The procedures in this group operate on codepoints represented as integers. In the following descriptions, ‘octets’ refers to an integer between 0 to 255, inclusive.

They take optional strictness argument. It specifies what to do when the procedure encounters a datum outside of the defined domain. Its value can be either one of the following symbols:

strict

Raises an error when the procedure encounters such input. This is the default behavior.

permissive

Whenever possible, treat the date as if it is a valid value. For example, codepoint value beyond #x10ffff is invalid in Unicode standard, but it may be useful for some other purpose that just want to use UTF-8 as an encoding scheme of binary data.

ignore

Whenver possible, treat the invalid input as if they do not exist.

The procedure may still raise an error in permissive or ignore strictness mode, if there can’t be a sensible way to handle the input data.

Function: ucs4->utf8 codepoint :optional strictness

Takes an integer codepoint and returns a list of octets that encodes the input in UTF-8.

(ucs4->utf8 #x3bb)  ⇒ (206 187)
(ucs4->utf8 #x3042) ⇒ (227 129 130)

If strictness is strict (default), input codepoint between #xd800 to #xdfff, and beyond #x110000, are rejected. If strictness is permissive, it accepts input between 0 and #x7fffffff, inclusive; it may produce 5 or 6 octets if the input is large (as the original UTF-8 definition). If strictness is ignore, it returns an empty list for invalid codepoints.

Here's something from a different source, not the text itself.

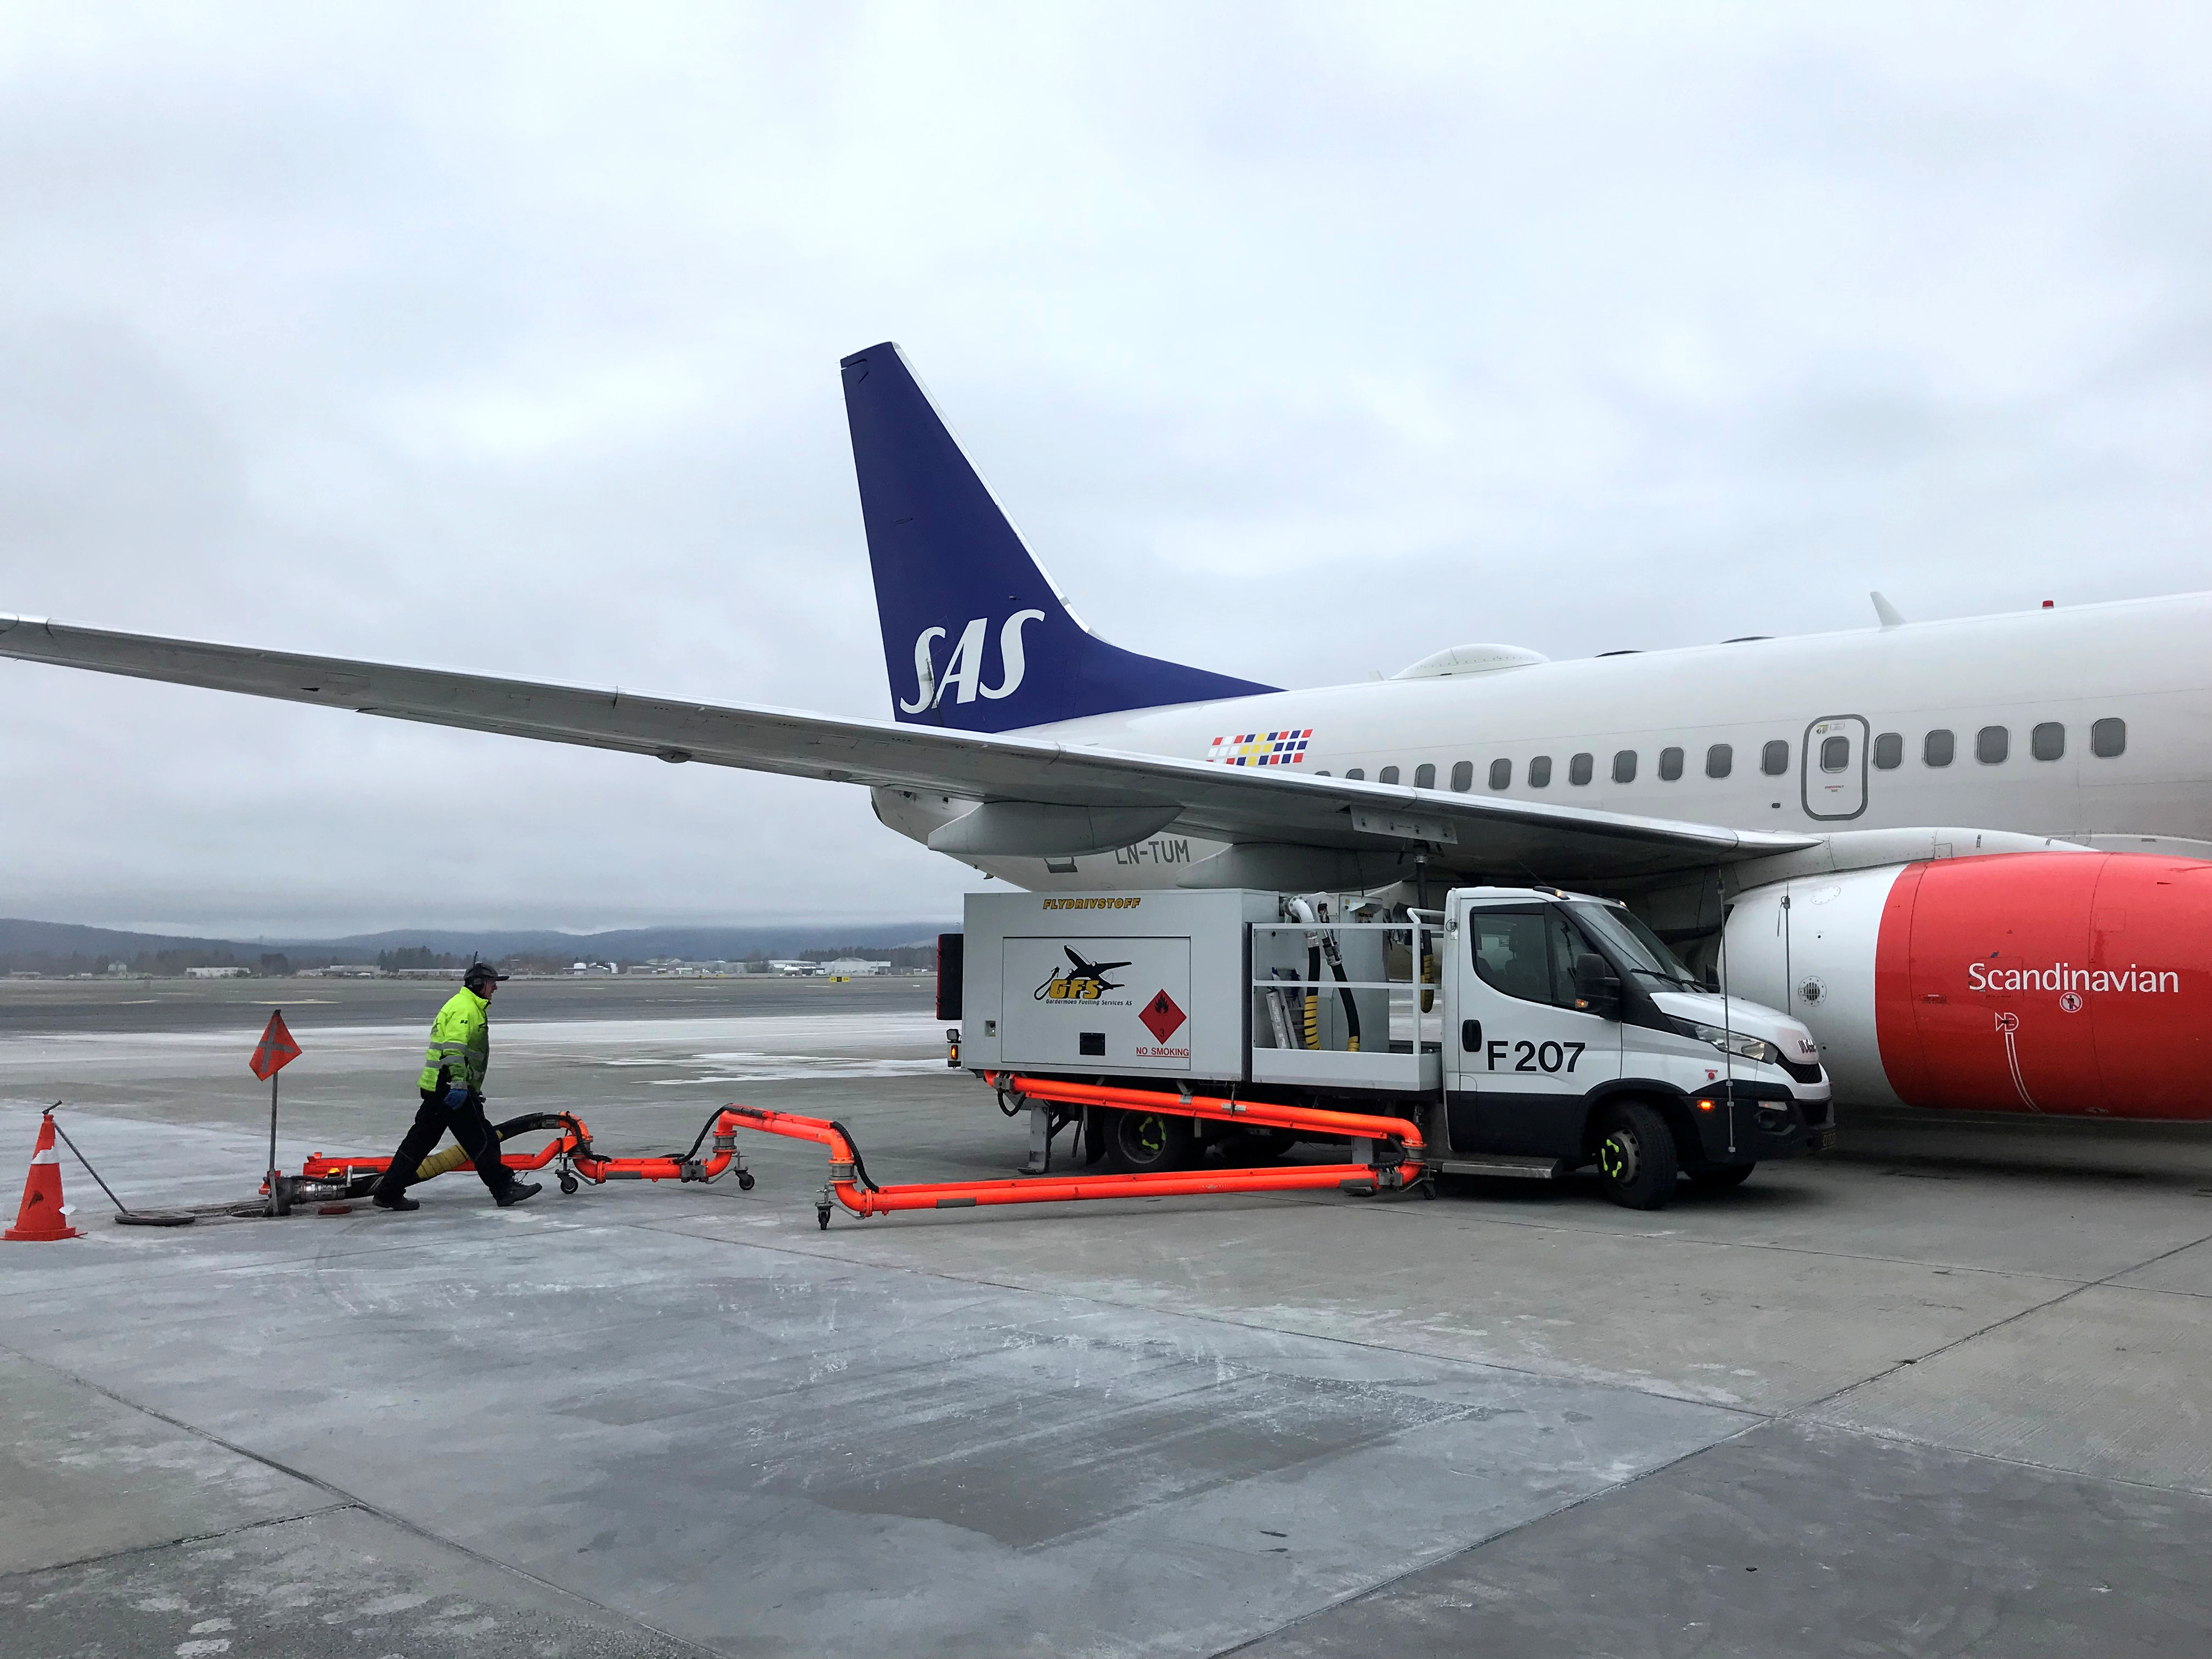 A Scandinavian Airlines (SAS) plane is refuelled at Oslo Gardermoen airport

Function: utf8-length octet :optional strictness

Takes octet as the first octet of UTF-8 sequence, and returns the number of total octets requried to decode the codepoint.

If strictness is strict (default), this procedure returns either 1, 2, 3 or 4. An error is thrown if octet cannot be a leading octet of a proper UTF-8 encoded Unicode codepoint.

If strictness is permissive, this procedure may return an integer between 0 and 6, inclusive. It allows the codepoint range #x110000 to #x7fffffff as the original utf-8 spec, so the maximum number of octets can be up to 6. If the input is in the range between #xc0 and #xdf, inclusive, this procedure returns 1–it’s up to the application how to treat these illegal octets. For other values, it returns 0.

If strictness is ignore, this procedure returns 0 when it would raise an error if strictness is strict. Other than that, it works the same as the default case.

Function: utf8->ucs4 octet-list :optional strictness

Takes a list of octets, and decodes it as a utf-8 sequence. Returns two values: The decoded ucs4 codepoint, and the rest of the input list.

An invalid utf8 sequence causes an error if strictness is strict, or skipped if it is ignore. If strictness is permissive, the procedure accepts the original utf-8 sequence which can produce surrogated pair range (between #xd800 and #dfff) and the range between #x110000 to #x7fffffff. The invalid octet sequence is still an error with permissive mode.

Function: utf8->string u8vector :optional start end

[R7RS] Converts a sequence of utf8 octets in u8vector to a string. Optional start and/or end argument(s) will limit the range of the input.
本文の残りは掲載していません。